The tenant explained that, as part of their management contract, lease-holders agree to help fund seasonal displays. They are billed based on the physical size of their business, meaning a shop whose square footage represents 15 percent of the 323,000-square-foot center, is charged 15 percent of the total bill for holiday decor.
When it comes to the tree lighting, those costs can get expensive. The tenant provided an invoice from Four Seasons Decorations showing that the center spent $47,173.18 for the 24-foot artificial tree to be assembled and decorated in 2008.
He said that the former management company already owned the artificial Christmas tree, which is kept in storage at the center, so the invoice represented money spent on decorations and set-up for the holiday event.

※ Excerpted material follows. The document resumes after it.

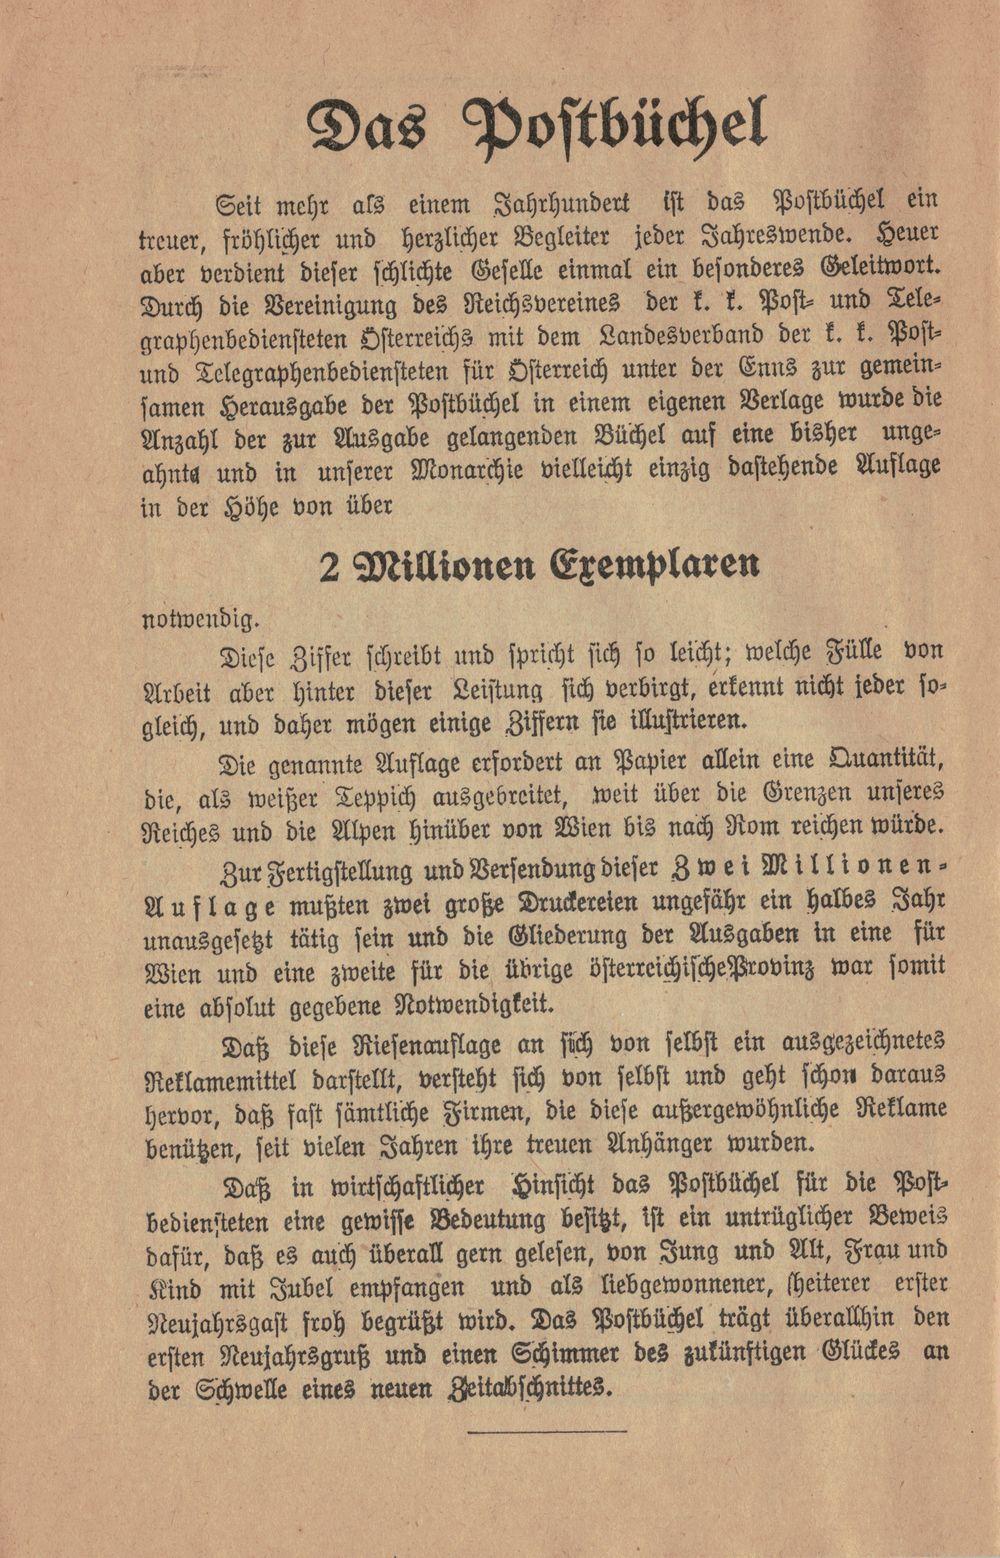 Postbüchl - Das kleine Postbuch 1914_a10

Those holiday invoices come in addition to other general management fees that tenants are charged throughout the year.
“Some [tenants] weren’t happy with all the fees,” our source tells us, explaining that the fee structure changed when Edens acquired the center’s former owner, AMREIT, earlier this year.
Our source thinks this year’s tree lighting may have been scrapped in response tenants’ grumblings about those fees, but added Edens should have asked the businesses first.
“No one asked if we were willing to share the cost of the tree lighting, before they made this decision,” our source says. “We didn’t get a chance to say, ‘This is important to us.’”
He thinks, given the chance, many of his fellow tenants would support the tree lighting, especially if costs could be better controlled. He’s hopeful the beloved tree lighting would return next year, perhaps with some additional help from the community.
“This doesn’t have to be a $47,000 tree lighting,” he says. “We cold get neighborhood groups and volunteers involved to keep it going.”